With the pictures left out, write out exactly the lines of the listing below that run from the line with "Над Радой развевается" through the line with "H820G SUTURE GUT PLAIN 5-0 27in FS-2 BX/12".

EXERCISE DATA:
* * * * * * * * *

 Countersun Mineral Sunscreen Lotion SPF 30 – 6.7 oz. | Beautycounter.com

* * * * * * * * *

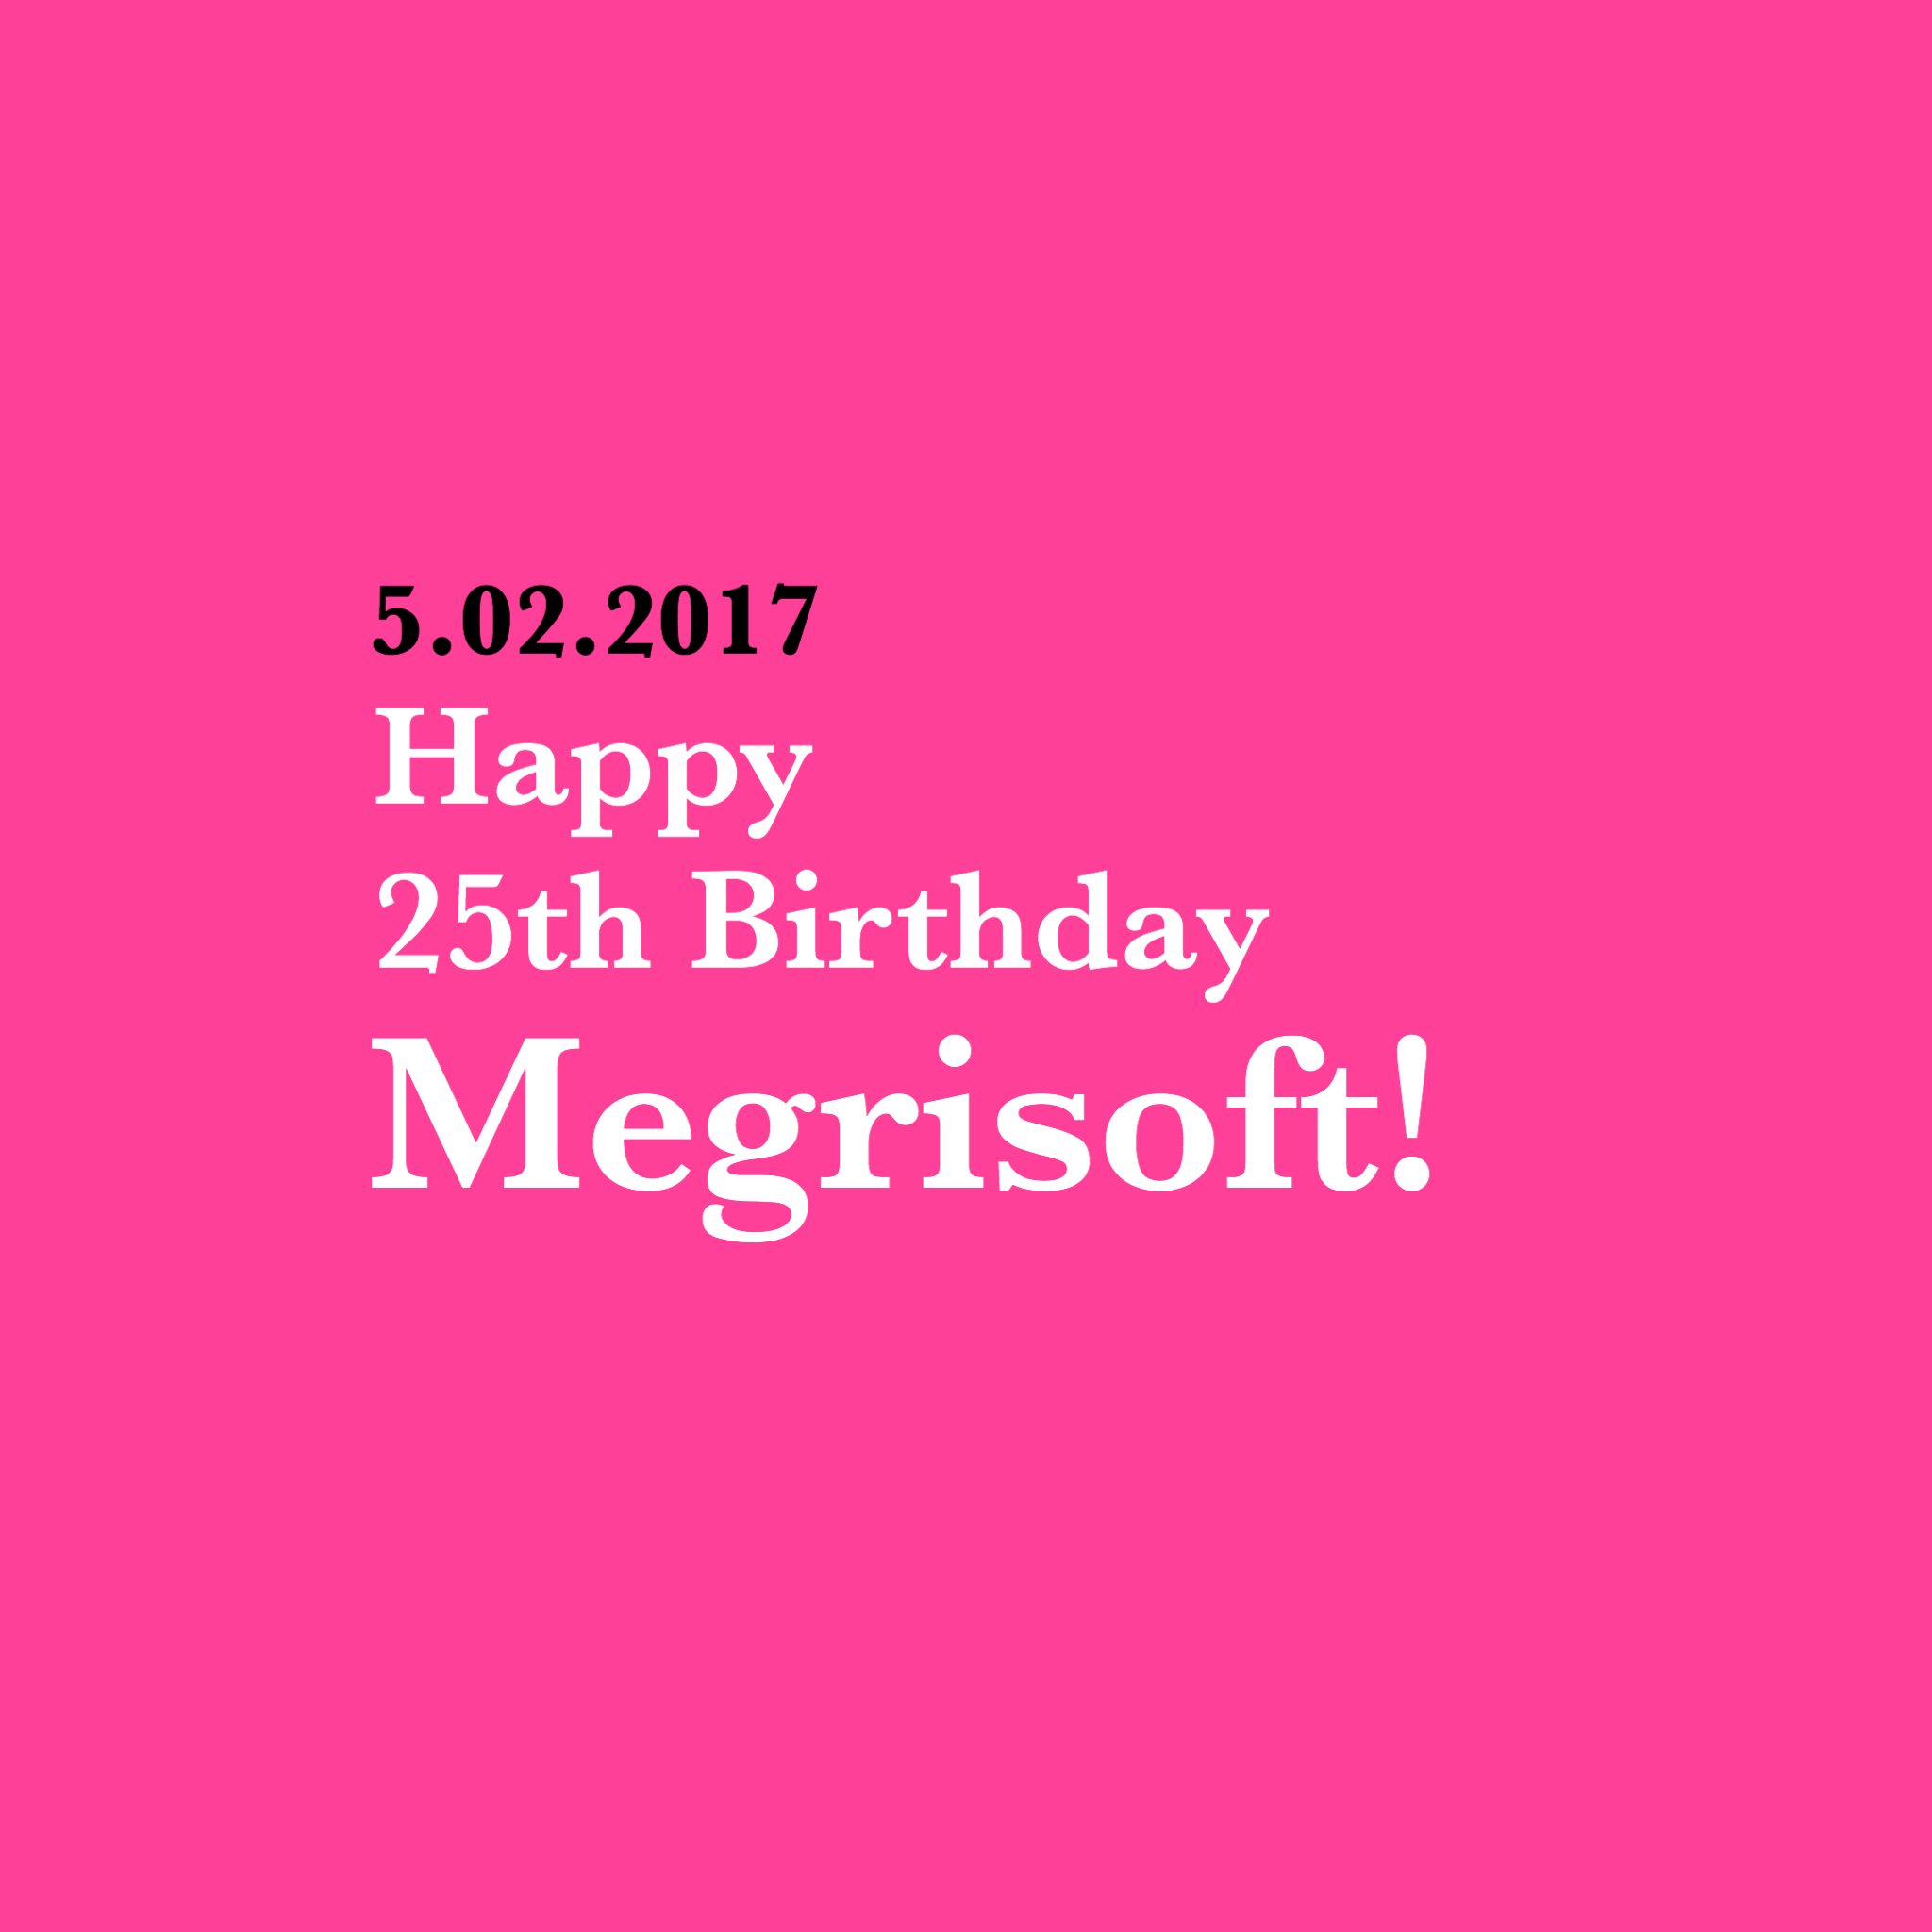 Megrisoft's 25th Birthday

* * * * * * * * *

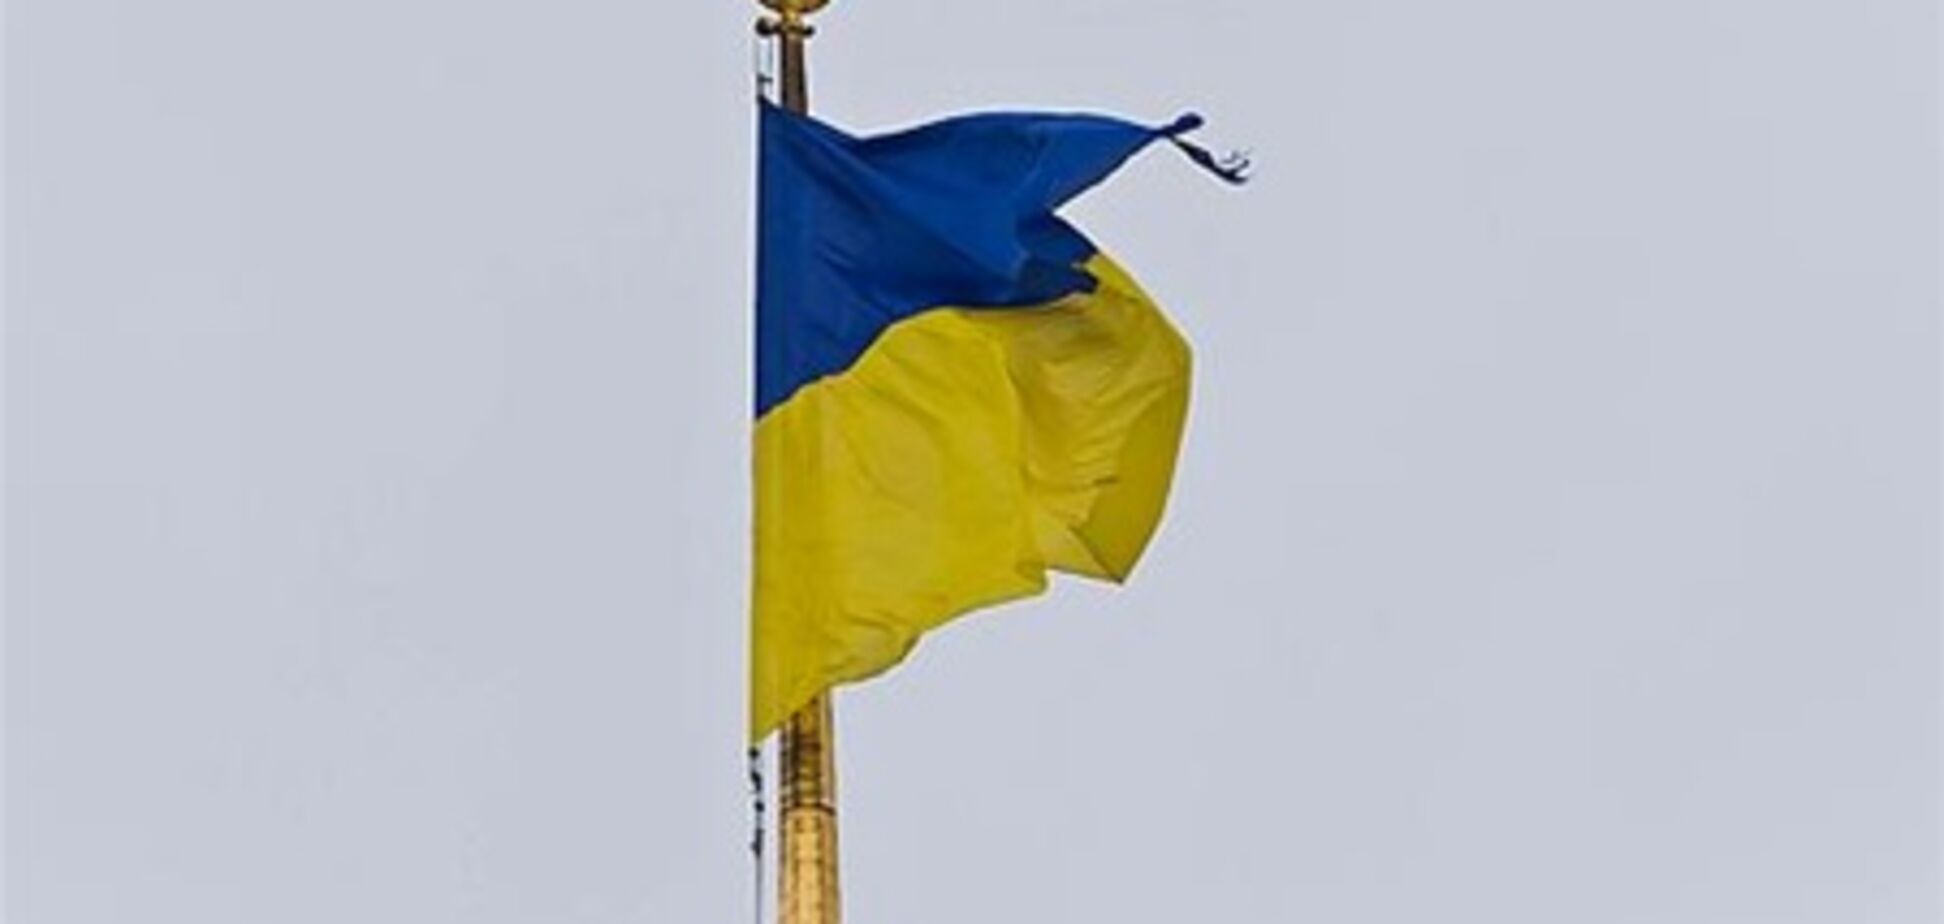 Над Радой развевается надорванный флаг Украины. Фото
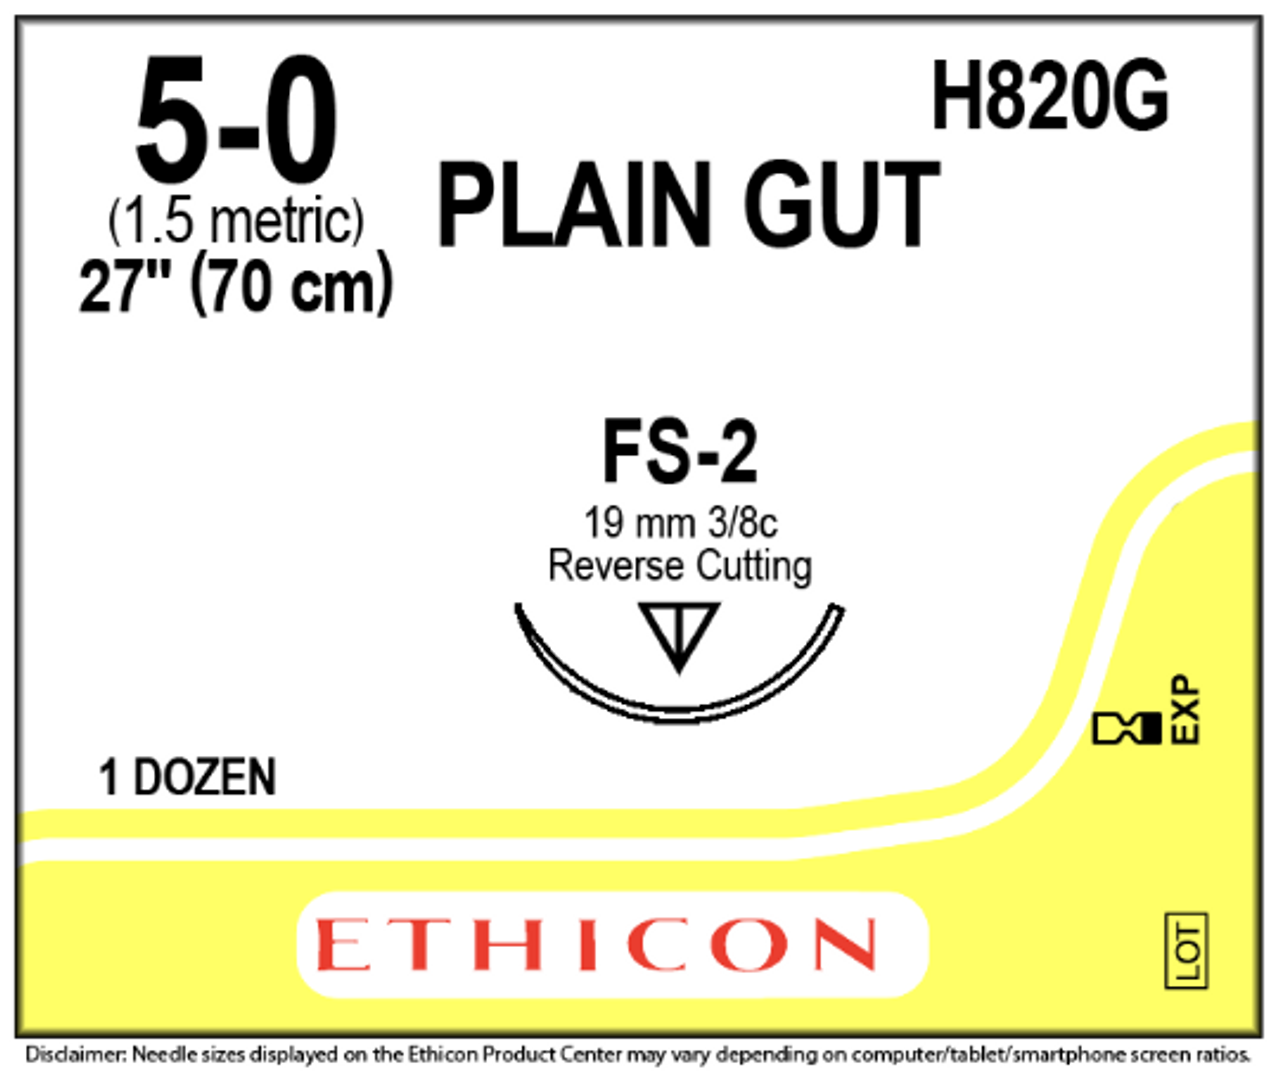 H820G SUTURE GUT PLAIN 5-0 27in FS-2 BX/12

* * * * * * * * *

OUTPUT:
 Над Радой развевается надорванный флаг Украины. Фото
 H820G SUTURE GUT PLAIN 5-0 27in FS-2 BX/12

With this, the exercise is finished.